Playing With Imagination is a series where I talk about video game stories and plots. Many video games have incredible stories and are often overlooked in our society. Today, I talk about Detroit: Become Human from Quantic Dream.
Playing with Imagination: Detroit: Become Human
Ever since games like Dragon’s Lair, the concept of an “Interactive Story” has become pretty popular. Of course, you have game genres like First Person Shooter, RPGs, Platformers and Sports games that are still made, but this genre has both fans and detractors. Some enjoy the idea of playing a story, enjoying the narrative and drama, while some don’t see the point in making a cutscene video game, even though most of these games do let you control the character.
Quantic Dream has made its name for gripping tales, ever since Indigo Prophecy AKA Fahrenheit and making it big with Heavy Rain, their magnum opus. Their recent venture is a sci-fi story called Detroit: Become Human. This might be one of their best adventures in a while and contains one hell of a tale. I won’t give all of it away, but I will give my thoughts so far. So let’s get into it.
The year is 2038. Lifelike robots known as Androids share their existence with humanity, serving as assistants, butlers, and try to coexist with humans. However, while the city of Detroit is typical compared to today, many are showing these CyberLife androids that they’re the ones in charge. In addition, many of them are acting out of their initial programming, being referred to as Deviants.
I love a good future story, seeing the What If Possibilities. Though I can’t see Androids being in 2038 (maybe 10 years later?), this is a distinct, possible future. Nothing is hugely impossible. It feels believable, which is what I want my sci-fi future story to be. Sometimes, authors go too far. Stuff like Back to the Future or Blade Runner aren’t even close to today, (BttF is 2015 and Blade Runner is 2019, next year) but this seems more likely than those. That kind of Sci-Fi, within reason, are some of my favorites.

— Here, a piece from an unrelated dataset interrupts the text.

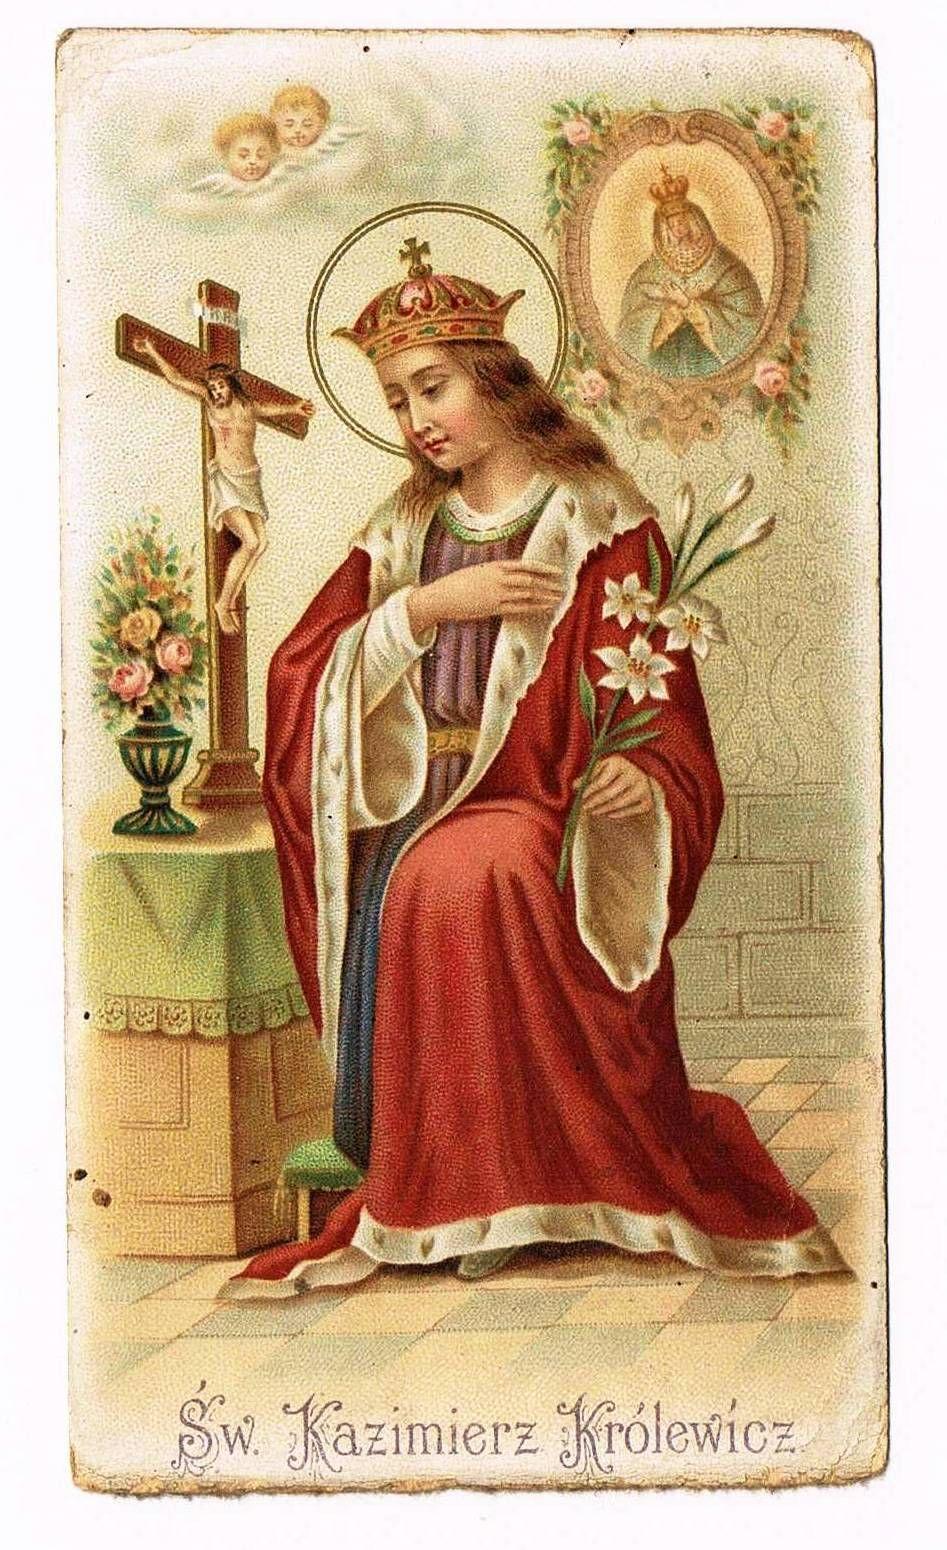 Swiety Kazimierz Krolewicz Obrazek Sw 1903r 7185625699 Oficjalne Archiwum Allegro Vintage Holy Cards Traditional Catholicism Blessed Mother

As far as the story itself, it’s been a thrill ride. While it’s a bit slow in the beginning, you do get timed actions. Basically, the common things you’ll do is explore the location, lifting things, investigating crimes, and so on. Then, you’ll get suspenseful moments where one mistake can cost you.
Losing a character is game changing and the entire arc will forever be altered. Of course, you can start over from a certain chapter, but most players play the whole way through. However, if all of them die, it’s game over. It gives the player more of a reason to protect each character, since waiting too long can set you back.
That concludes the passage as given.